Wedding Planning 101 – How to Fix the Biggest Problem of Choosing Your Wedding Party People?
So you’ve been the ladli of your family, the favourite of all your cousins, the friend in need for all your school, college, as well as work buddies. Now with the announcement of your engagement out there in the open, you see all the gleaming faces that are waiting to eagerly be a part of your big day.
While some may be glad to simply attend the function, others may want to be an integral part with the wedding planning.
Since you cannot have hundreds of people managing your big day, the big question arises – how do you choose your wedding party people?
Since the bride and groom can’t manage throwing such a big party on their own whilst being busy getting married themselves, wedding party people are their helping hands who take care of them and things related to celebration ensuring it’s a smooth and fun ride for the couple and attendees.
So, if your confused rather aghast deciding who makes the cut to your wedding party list of people, we give you a simple solution.
Gear up for your wedding planning 101!
Consider How Big or Small the Size of Your Wedding Will Be
The bigger the celebration the more helping hands will you need. Considering how grand or intimate your wedding celebration you wish to keep will be a major deciding factor on how many people you need to include in your wedding party. If you’ve deciding on having an intimate celebration, yet want to include more people, assign them small but useful roles, such as arranging the varmalas, or mehndi favours, selecting the sangeet songs etc.
Don’t Ask Without Thinking!
As easy as it may seem like reading ABC, picking your wedding party people is the toughest of all wedding planning steps. Whom to choose and whom to not without offending anyone is like escaping a fish tank filled with piranhas.
As much as you’ll be tempted to include your entire favourite friends and relatives troupe in your wedding party list of people, hold your excitement and take your time, say a month or so. Include only those who you think will stand beside you through your thick and thin times 5 years down the line. That should pretty much do the trick to help you finalize who makes the cut.
Don’t Choose People Just Coz You Have To Return Some Kind of Favour
Once people get the news you’re about to board the bride bandwagon, you will definitely come across all those long lost relatives, friends and super excited Auntyji’s who want to be a part of your celebration. Don’t make the mistake of choosing people just because you want to return some kind of favour to them. They may have been good to you once upon a time, but that doesn’t mean your wedding is the time to reciprocate with goodness. Explain to them it’s tough to not include them in your wedding party list of people and that at this point of your life you want only people closest to you to be more involved. To make them feel a little better let me know that you had to leave out many people as close to you as them.
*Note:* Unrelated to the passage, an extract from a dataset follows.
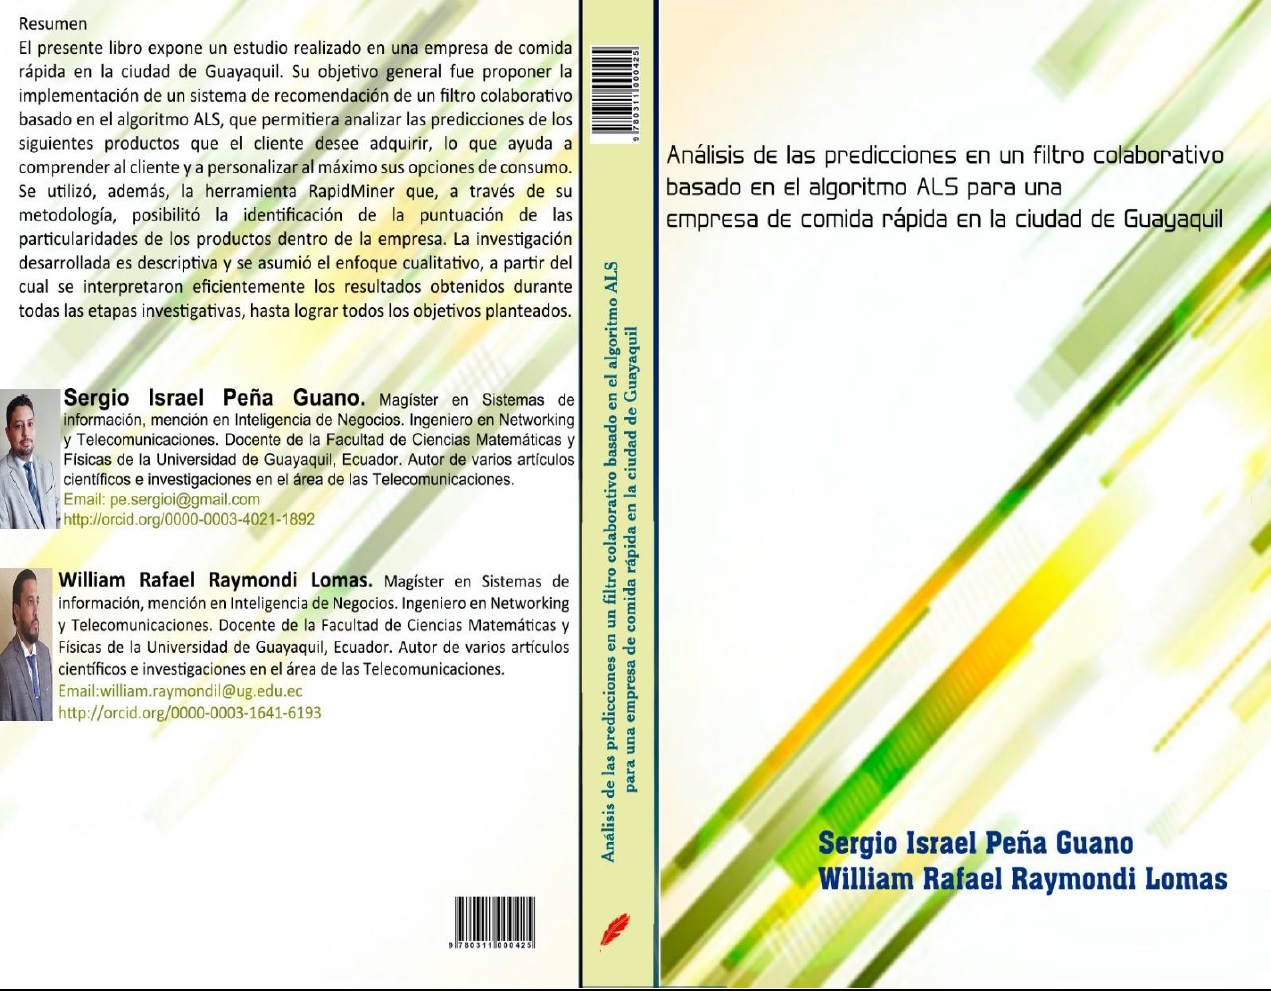 Imagen de portada del libro Análisis de las predicciones en un filtro colaborativo basado en el algoritmo ALS para una empresa de comida rápida en la ciudad de Guayaquil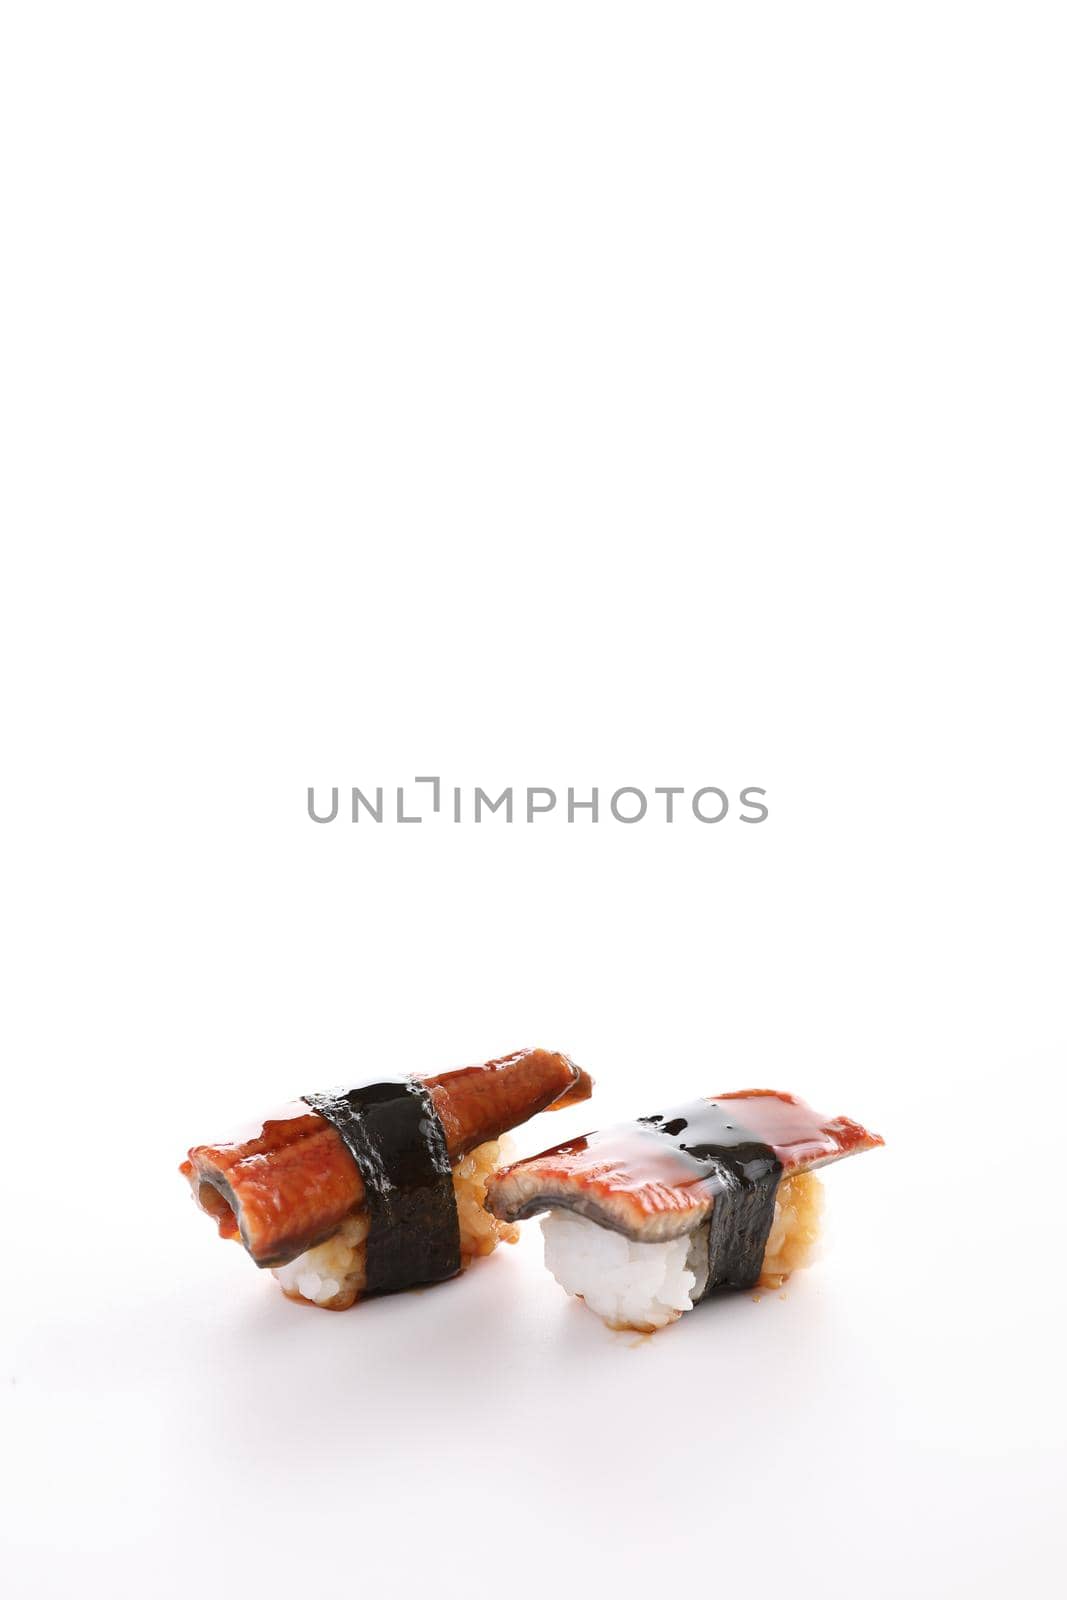 eel sushi eel nigiri sushi japanese food isolated in white background by piyato

Choose People Who Are Responsible and Give Them Special Tags
Ensure your wedding party people are the ones you can rely on. Though you may have the biggest fondness over your closest Aunt and would want to let her take over the entertainment bit of your mehndi ceremony, but in reality if she is the kind who doesn’t even know what are the fun ways to involve your guests or turns out to be a bore herself, imagine what a flop the festivity would be. Play safe in choosing reliable people whom you can blindly trust for their taste and preferences in little elements, definitely giving high importance to your likings first, after all it’s your day.
Don’t forget to personalize the planning process by giving special tags to your wedding party, such as the bride’s caretaker, or the groom’s right hand. This is just to add a dash of fun into the serious wedding planning process.
Include Your Siblings and Cousins
Goes without saying after your parents, immediate in line of assigning duties are your siblings and cousins. Even if you may not be that close to each other, sharing the dirty secrets sorts, they have a certain responsibility towards the celebration and so don’t shy away from assigning duties to your bade bhai or choti didi. If you have a humungous family line, it is not necessary to include all, just pick out the teenagers as they’re super enthusiastic to take on roles with event management, as this also helps them earn a little pocket money from uncles and auntyji’s attending your celebration in the form of shagun.
Think of More Other Wedding Party Roles to Assign
Your wedding party people needn’t be just the ones who are handling major roles. If you wish to take your celebration a notch higher with some personalization you can always approach and include friends who are blessed with special talents and could contribute to your wedding in a unique way. For instance, if you have a friend who sings well, have them perform a live number at your sangeet or if you have a friend who is a pastry chef let them prepare some sweet treats that you could give away as wedding favours.
Don’t Forget the Kids
Kids can be super fun to include in your wedding party too. They can be the announcement bearers at your wedding just before you are about to make your grand entry.
Set Realistic Expectations
If you have friends or relatives staying in a different city or country all together, it’s stupid to assign roles like managing transportation for guests or catering for your pre-wedding for instance. If they cannot devote their full-time to such major roles, give them light tasks on the day that are manageable, like taking care of drunken guests at your cocktail party or moving gifts given to the bride and groom to the car. Easy, right!